The only advantage of the 120v charging is that the car "sneaks up" on being full, so you get a few more indicated miles of Ideal range. But the difference is minor, and around here where summers can top 110 degrees F, having the ability to actively cool the battery is critical for keeping the pack happy.

I recall there was a study where they found that charging at a higher current (supercharging levels) resulted in much shorter charging sessions, and that the shorter time at elevated temperature was beneficial to battery longevity. So I've been more focused on battery temps than charging current. Given how many battery cells are running in parallel, even at a max 70 amp / 240 volts, the charge current in terms of "C" rates is still fairly low.

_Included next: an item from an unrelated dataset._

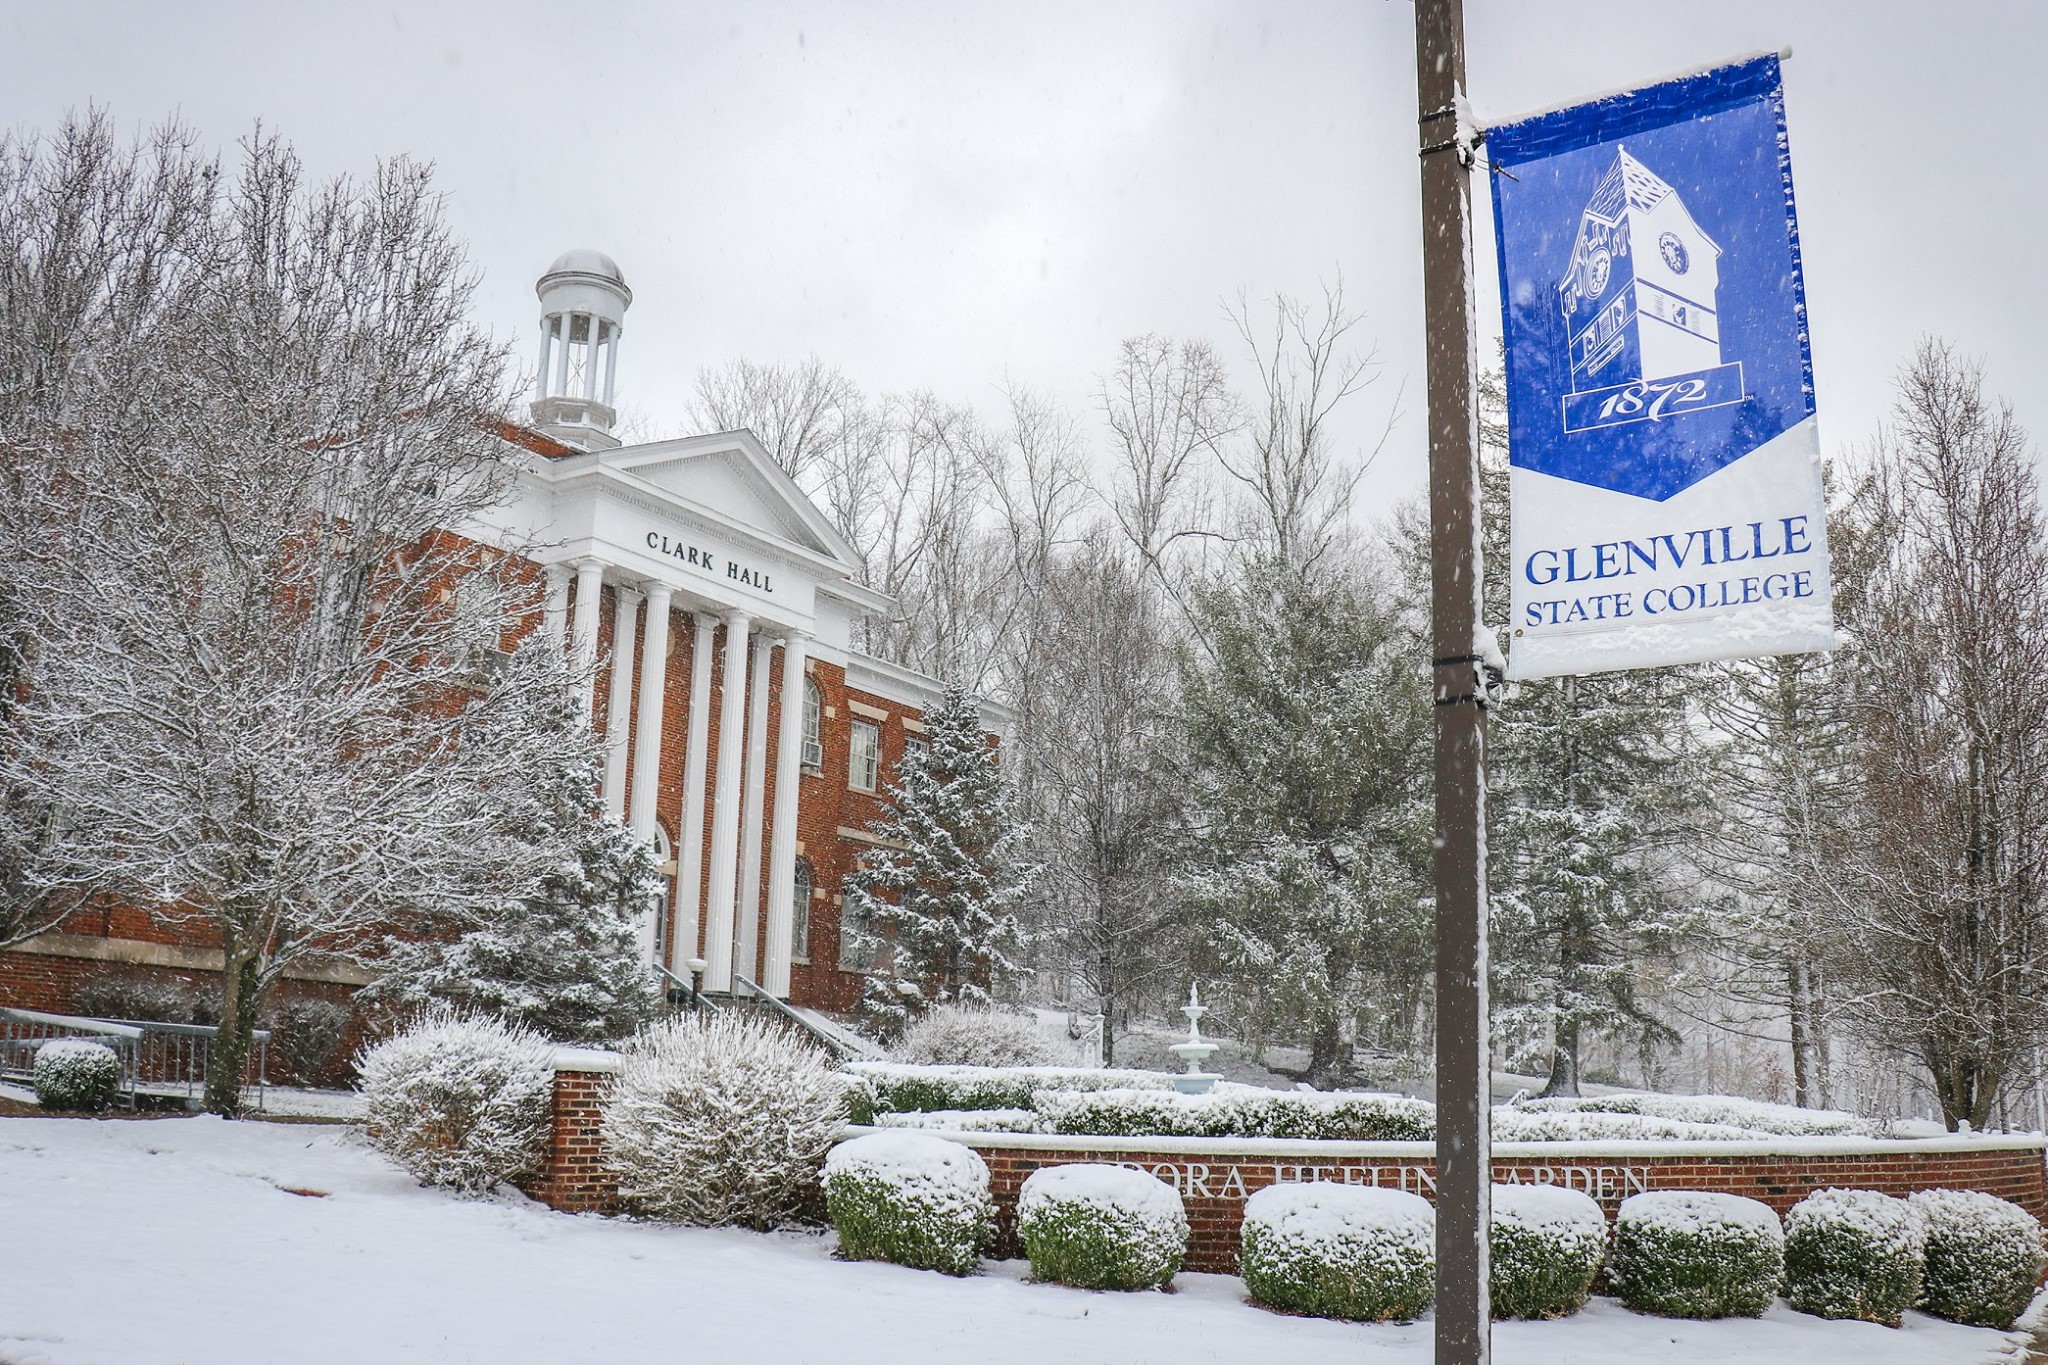 Heavy snow falls on the garden in front of the stately Clark Hall. In the foreground, a brilliant blue Glenville State College banner hangs from a lamp post. Trees, bushes and the ground are covered with several inches of snow.

All that said, I'm down to a CAC of 136.85Ah on the original 2010 pack, which is towards the lower side of average according to the battery survey. So, who knows what is actually best...
Good to know! @gregd how many miles do you get on standard charge now? My CAC is not too far off from yours, just slightly higher.
 
In theory, yes. Similar was done to modify other brands of 120v EVSE to work on 240V. But I think you would be better off just getting a proper 240V EVSE so it has all the correct safety features. You may also want something that can signal higher ampacity so you could charge above like 12A.
(3.0)CONVERTING a LEAF LEVEL 1 (12AMP) CHARGER TO a LEVEL 2 (12AMP) CHARGER
EVSEupgrade.com used to convert a lot of (non-Tesla) 120V EVSE, but it appears that they shut down now.
Archived page:
EVSE Upgrade - Low-Cost EV Charging Solutions
 
Thanks. Looking at the yellow 120V cable, it has the Roadster connector, and at the other end a plug with no "brick" in between like most EVSEs have. Is it a true mode two device? Is there anything electronic in the plugs at either end?